Confusingly (perhaps) this type of NAT is called Source Network Translation or SNAT for short and is represented in blue in the diagram below:
We can confirm this by double checking the configuration of one of the tenant VPCs. Let’s look at Initech’s VPC:
All internet bound traffic coming from tenant VMs in the Initech VPC is being translated (or SNAT’ed) to 172.16.99.11. From there it heads up out the Edge Firewall Gateway to the internet as normal.
DNAT
So that’s outbound traffic taken care of. What happens when we want inbound traffic?
Well, the red arrows in the diagram above have given the game away; we need to implement Destination Network Address Translation or DNAT.
If we can assign a tenant VM an IP address in the 172.16.99.x range, inbound traffic heading in through the Edge Firewall Gateway will be able to access the VM.
Again as simplicity rules in this solution, to allow client access each tenant will make use of their own dedicated Windows jump server, located within their respective VPC. Yes, we could do something more secure like granting client VPN access direct to their respective VPCs, but (again) let’s keep it simple to start with.
Floating IPs
So lets grant each tenant Windows jump server a floating IP address in the VPC uplink subnet. Each client will then be able to VPN to PolarClouds Hosting and open a Windows Remote Desktop (RDP) session to their respective Windows jump server. For brevity of this series, we will leave client VPN connectivity to the Edge firewall gateway to another post. All we are interested in here is how clients access their tenant VMs after they have connectivity to the Edge firewall gateway.
Let’s check for client jump servers present in the VPCs:
One jump server each. That’s just what we wanted. Let’s assign the floating IPs.
From the Prism Central dashboard, expand Networking and Security, select Floating IPs and click Request Floating IP.
Next we’ll select our VPC-Uplink-VLAN99 (the 172.16.99.x subnet), 2 floating IPs and we’ll assign them to our Jump server VMs:
Save when done and let’s see:
OK, so:
- The Globex jump server has been assigned 172.6.99.2
- The Initech jump server has been assigned 172.16.99.13
Perfect.
VPC Segmentation
Here is where the simplicity of the design is going to potentially bite us.
As things stand right now, given that we are using a shared subnet for VPC connectivity (the 172.16.99.x subnet), there is nothing stopping users of tenant VMs in one VPC connecting to the floating IP address of the Windows jump server in the other tenant’s VPC.
For example, Globex users could connect to their jump server at 172.16.99.2 in the normal way, start an remote desktop session and connect to 172.16.99.13 - Initech’s jump server.
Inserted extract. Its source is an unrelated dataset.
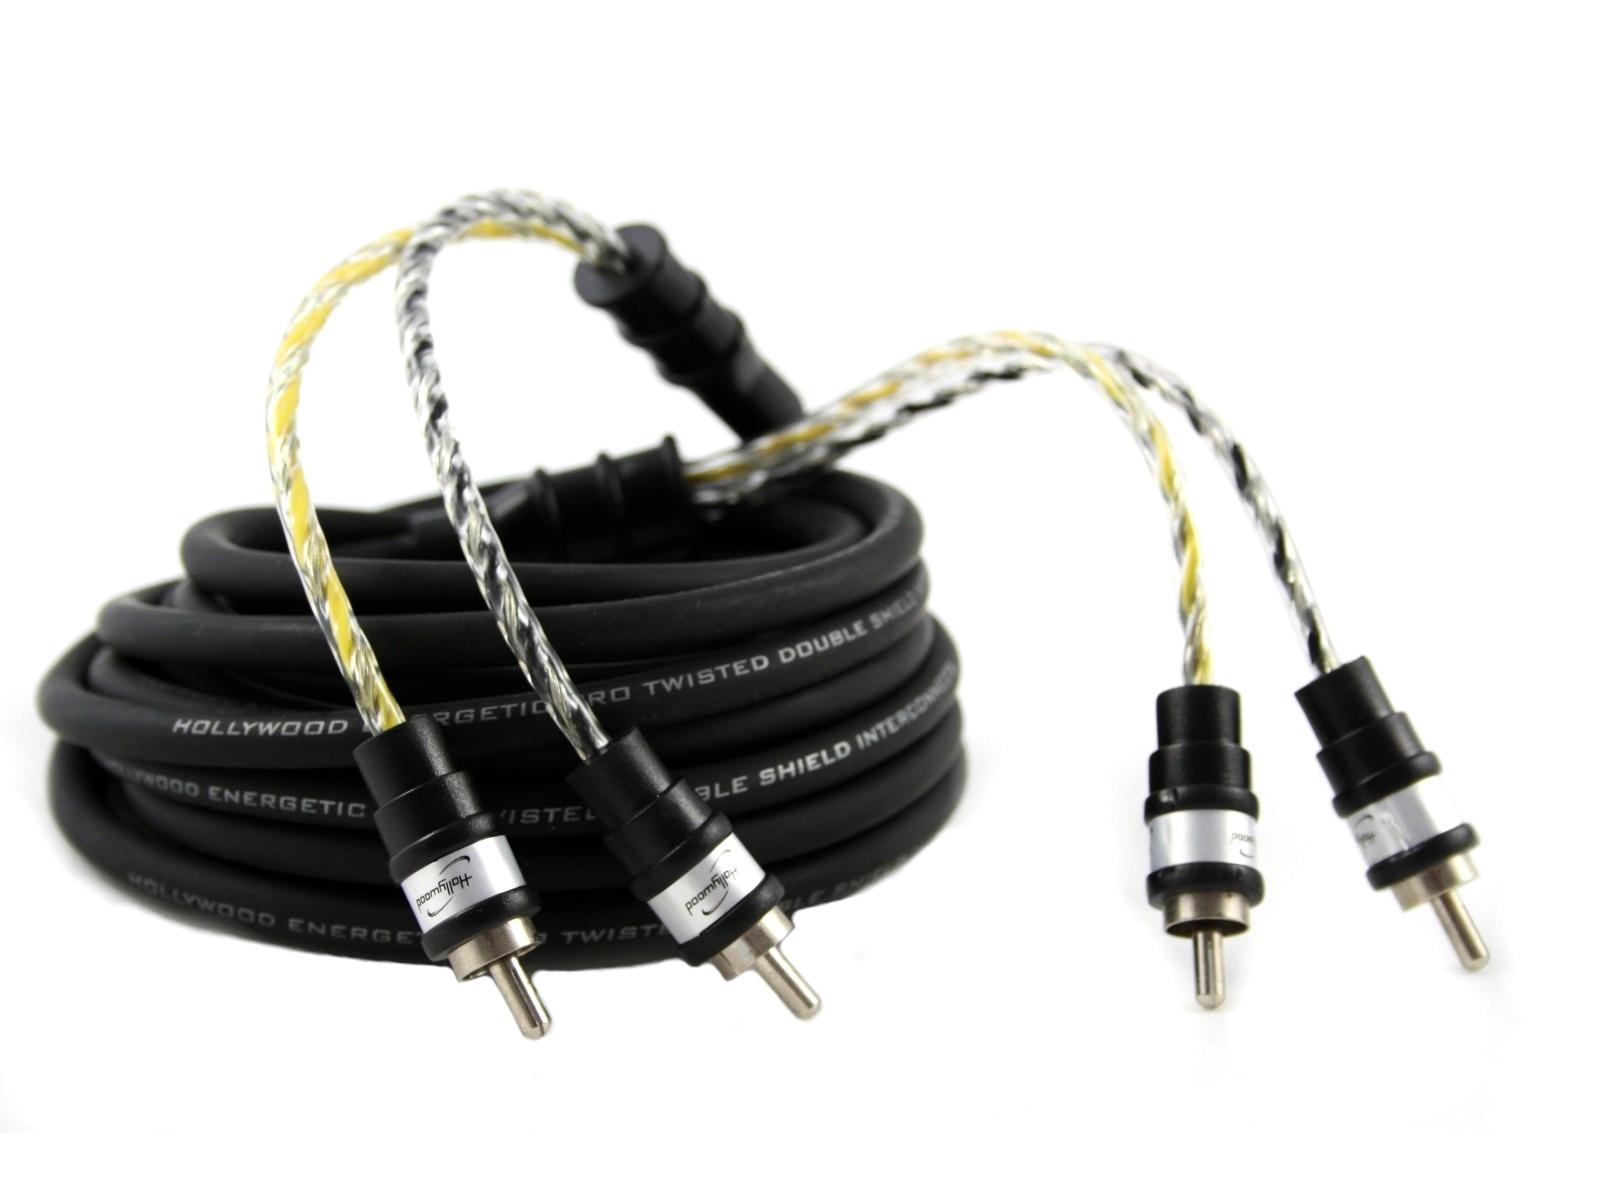 4 kanaals rca kabel 5 meter
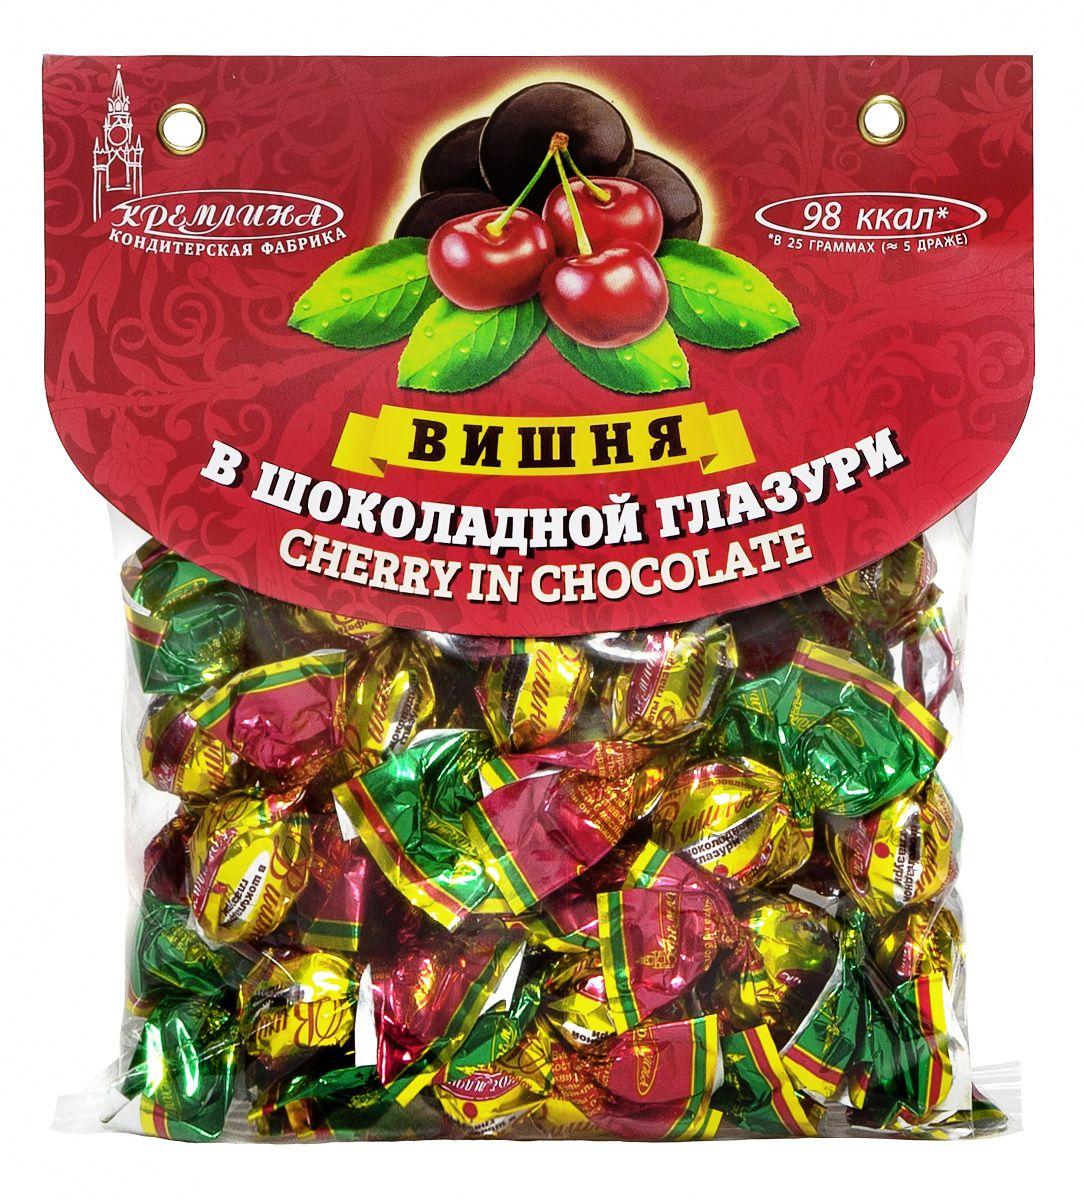 Кремлина Вишня в шоколадной глазури, 130 г bona vita батончик ореховый с семенами подсолнечника орехами и медом в шоколадной глазури 35 г

Not good.
Let’s fix that. For this we will use Flow Network Security (FNS).
From the Prism Central dashboard, expand Networking and Security, select Security Policies and click Enable.
Select Enable Microsegmentation and click Save:
As can be seen, FNS is available free for 60 days.
Categories
In order to apply specific firewall rules to specific VMs or groups of VMs, we can use categories. From the Prism Central dashboard, expand Administration, choose Categories and select New Category.
For the uninitiated, categories can seem very slightly strange at first. Categories consist of two items; name and value. These can be described as follows:
- Category Name = Types of attributes, for example ‘Department’
- Category Value = Instances of attributes, for example ‘HR’ or ‘Finance’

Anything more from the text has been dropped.